:: Data to use ::

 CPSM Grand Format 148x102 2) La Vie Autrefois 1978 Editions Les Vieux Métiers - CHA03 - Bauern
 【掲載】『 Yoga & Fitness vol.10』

---

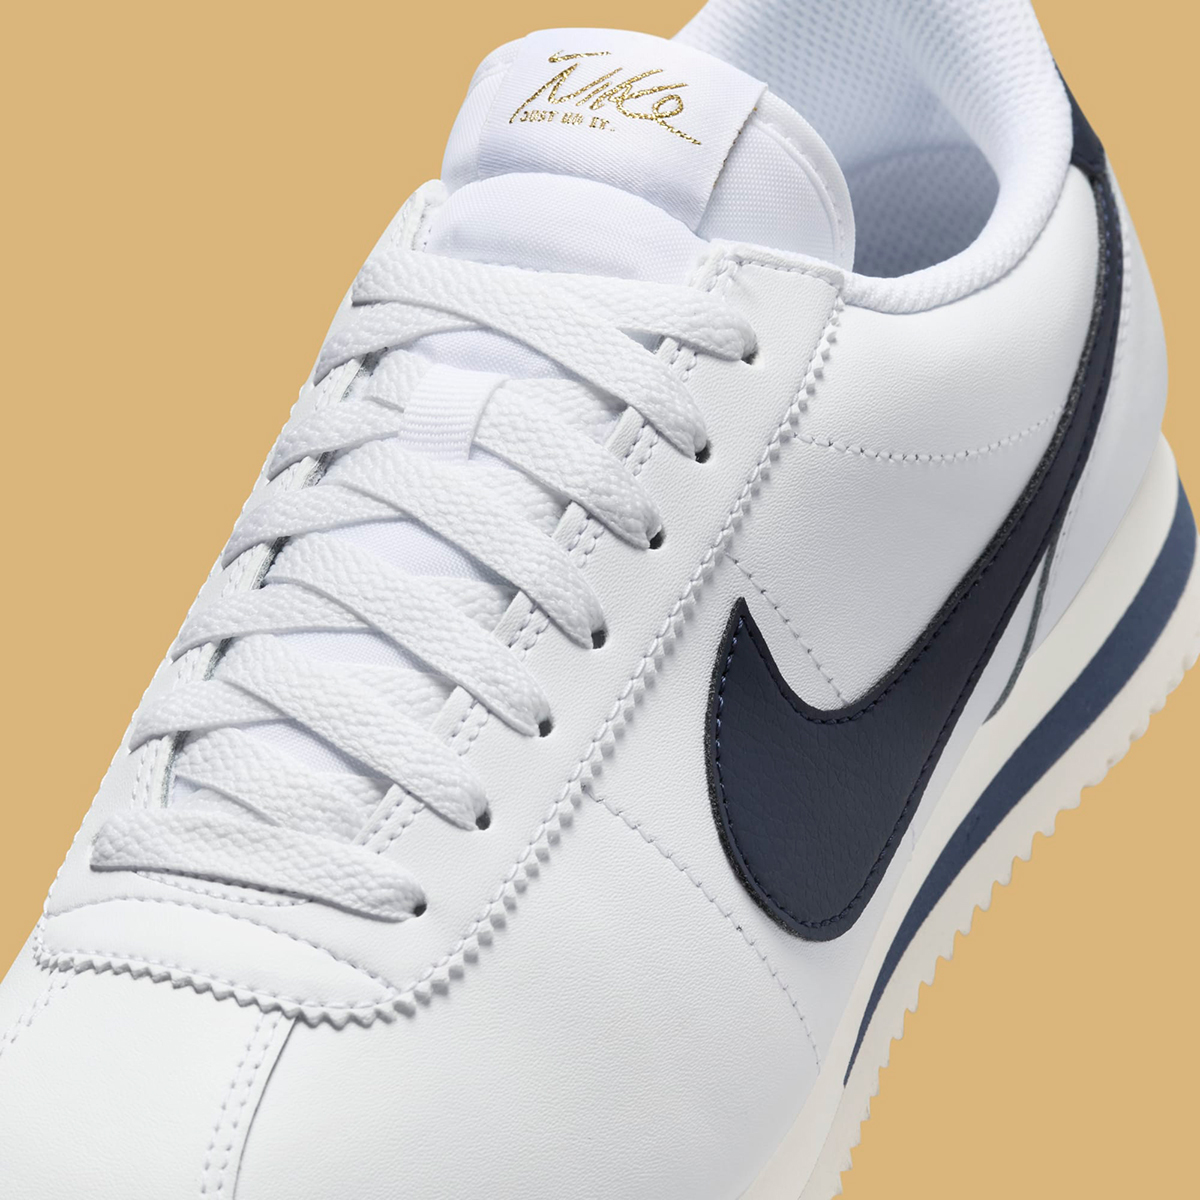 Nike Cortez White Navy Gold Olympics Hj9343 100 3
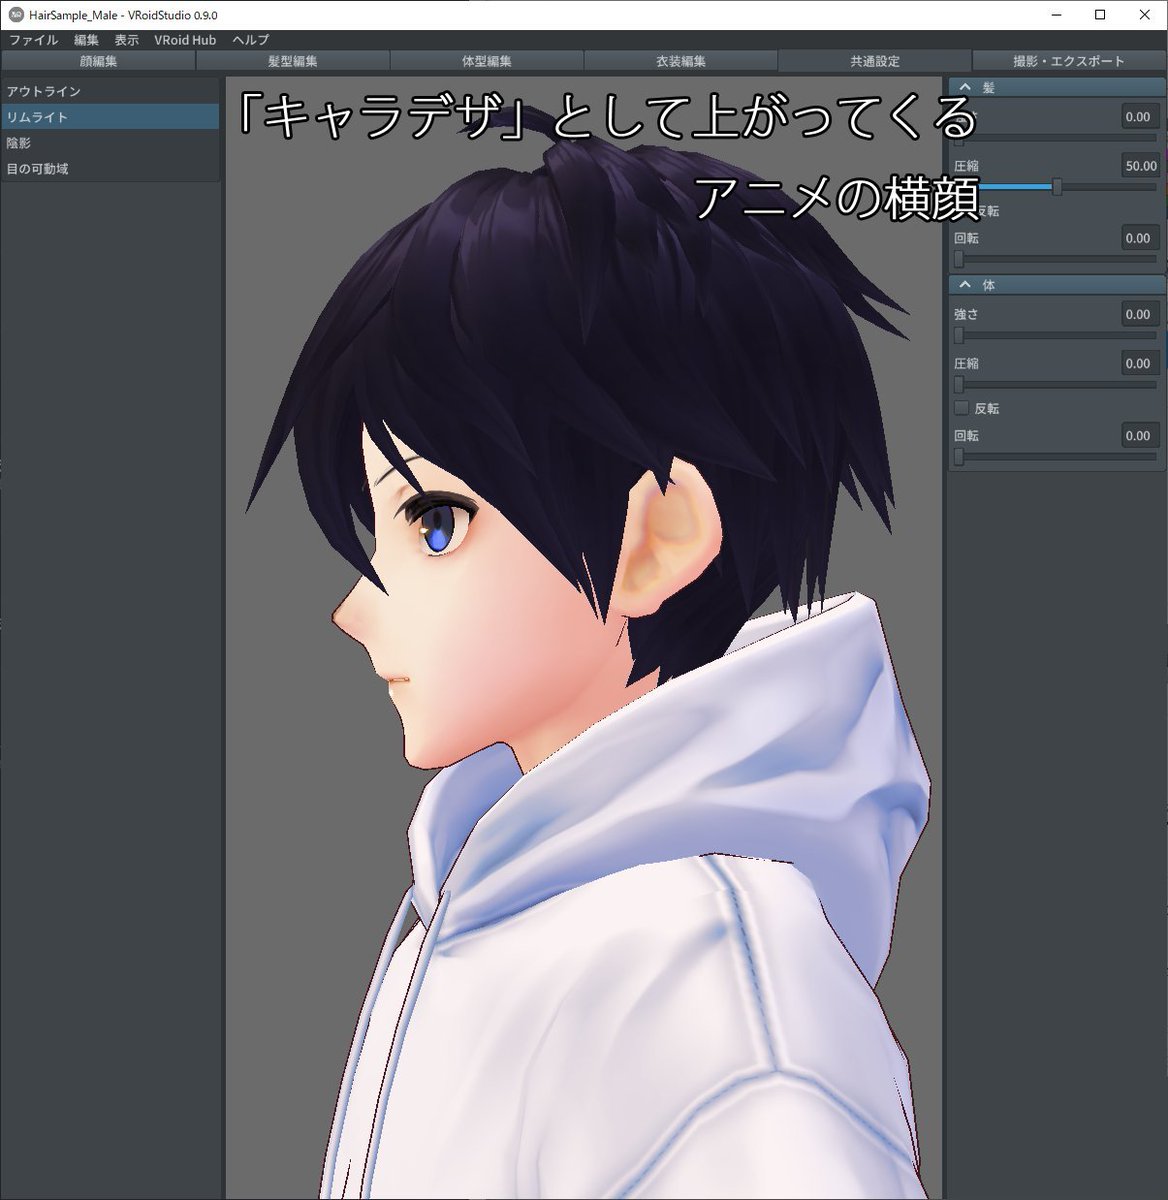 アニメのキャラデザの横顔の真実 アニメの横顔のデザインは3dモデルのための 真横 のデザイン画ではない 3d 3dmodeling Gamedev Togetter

--

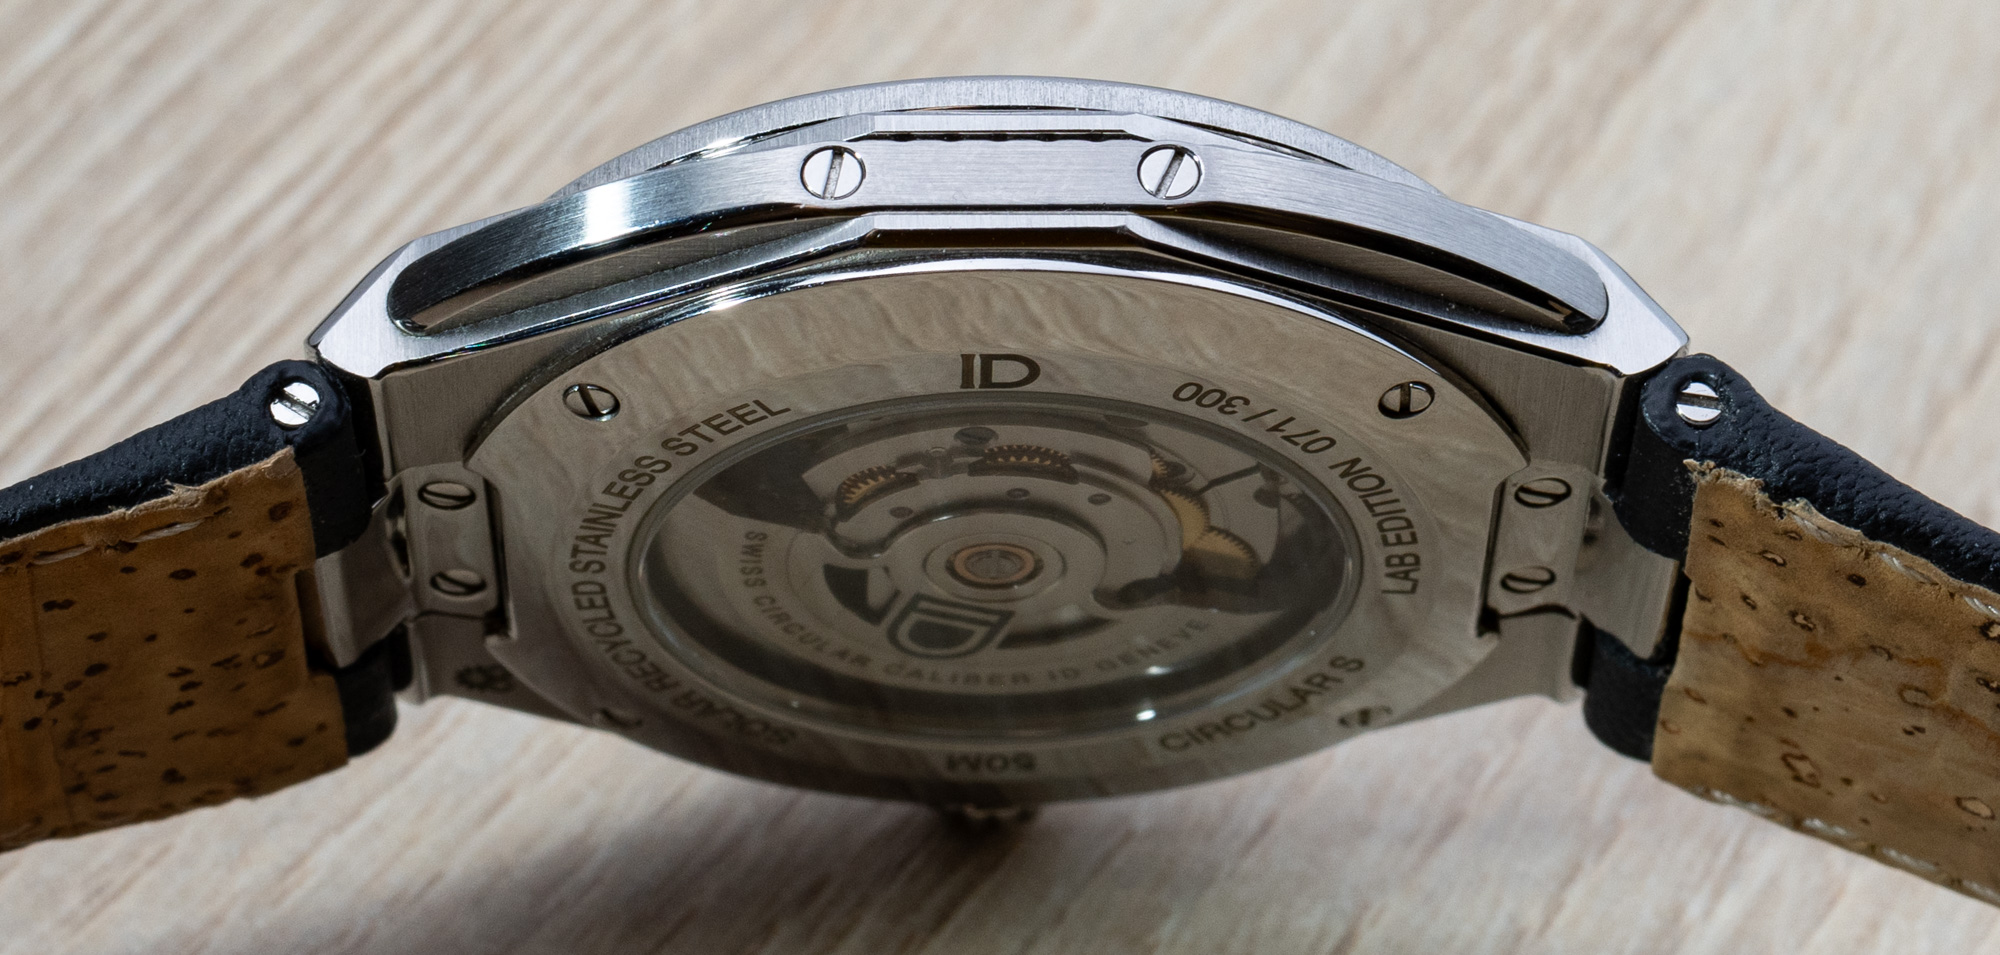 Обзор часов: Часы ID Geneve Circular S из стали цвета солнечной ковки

:: Your instructions ::
From the data above, reproduce word for word the lines running from the line with "CPSM Grand Format" to the line with "Yoga & Fitness vol.10』", ends included.

:: Output for this exercise ::
 CPSM Grand Format 148x102 2) La Vie Autrefois 1978 Editions Les Vieux Métiers - CHA03 - Bauern
 【掲載】『 Yoga & Fitness vol.10』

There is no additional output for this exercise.